Command syntax: MODEL <name> <par> <nh>
             or MODEL <filename> [<nh>]
             or MODEL ?
Minimum abbreviation: M
Examples: "MO PL 1.7 3e21" "MO mymodel.dat"

Model specifies the spectral shape to be folded with the effective area curve of the instrument. Starting with version 3.0, up to 8 model components can be added together to represent multi-temperature plasma, power law plus Gaussian emission line, partial-covering absorber etc. Only a limited combinations of models have been rigorously tested; users of complicated models are urged to check the composite model by using the OUTPUT command. See the Using Multi-component Models section for more details.

As components, PIMMS recognizes BLACKBODY, POWERLAW, BREMSSTRAHLUNG, GAUSSIAN and PLASMA. If the model name string does not match these, PIMMS will try to interpret the string as a file name containing a precalculated model containing energy, photon flux pairs. NH, the equivalent neutral hydrogen column density (using Morrison & McCammon model) is expected for each component, except for GAUSSIAN and external files. NH should be specified in full with an appropriate exponent (e.g., 2.5e21), or as a small non-zero number less than 30.0, to be intepreted as log10(NH).

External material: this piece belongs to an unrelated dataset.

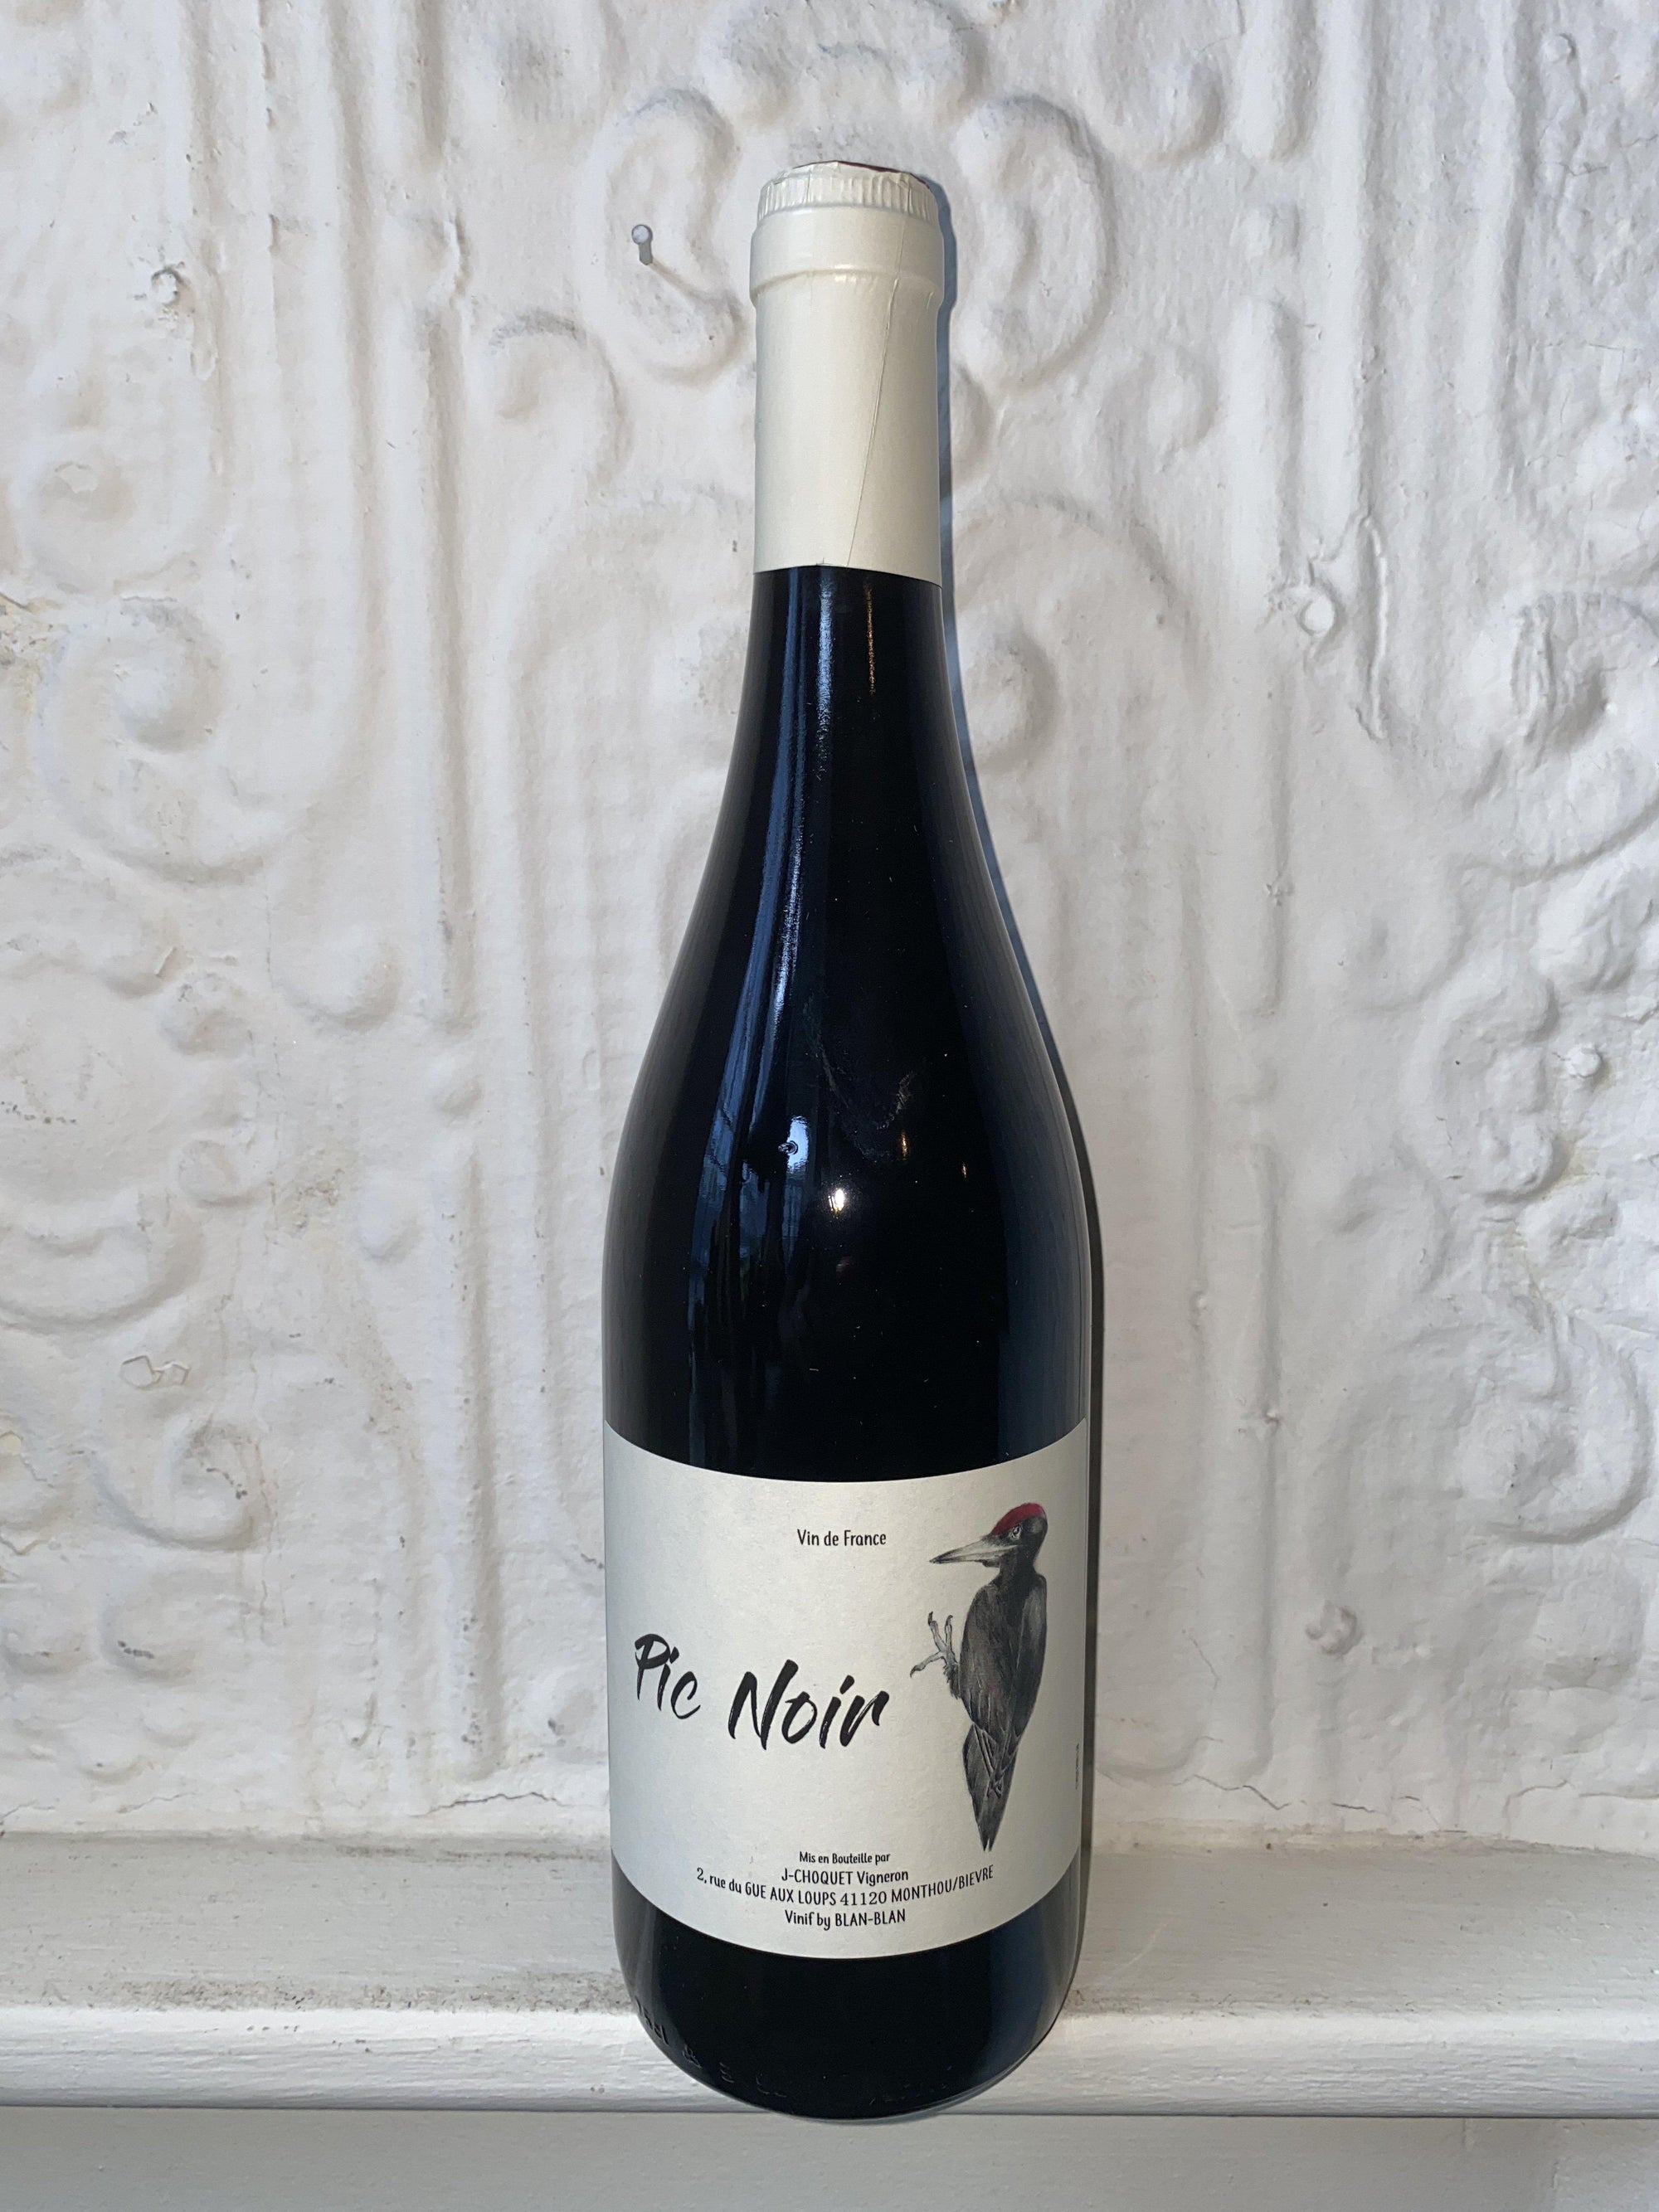 Pinot Noir "Pic Noir", Le Chat Huant 2019 (Loire, France)-Wine-Bibber & Bell

Model normalization for the built-in models do not necessarily correspond to physical quantities. Instead, PIMMS is designed to allow users to compare 2 observable quantities (count rates through specific instruments, or fluxes in specific energy bands) without having to know the model normalization.

Optionally, all components may be redshifted using a common z (in which case, all component NH are interpreted as intrinsic absorber, with the same z) with an optional Galactic NH.


The Model commands takes 1--8 blocks of component specification, and a final optional block of redshift specification. Each block starts with a valid name of a component (including a valid file name), followed by a set of numerical parameters. As a special case, the plasma model takes an optional string (logt or kev, the latter being the default) specifying the unit of temperature, immediately after the numerical parameter for the temperature. For 2nd through 8th component blocks, additional parameter(s) specifying the ratio of that component to component 1, and the reference energy at which this is to be evaluated, must also be given (NB the reference energy for Gaussian is always its central energy). See the Using Multi-component Models section for more details.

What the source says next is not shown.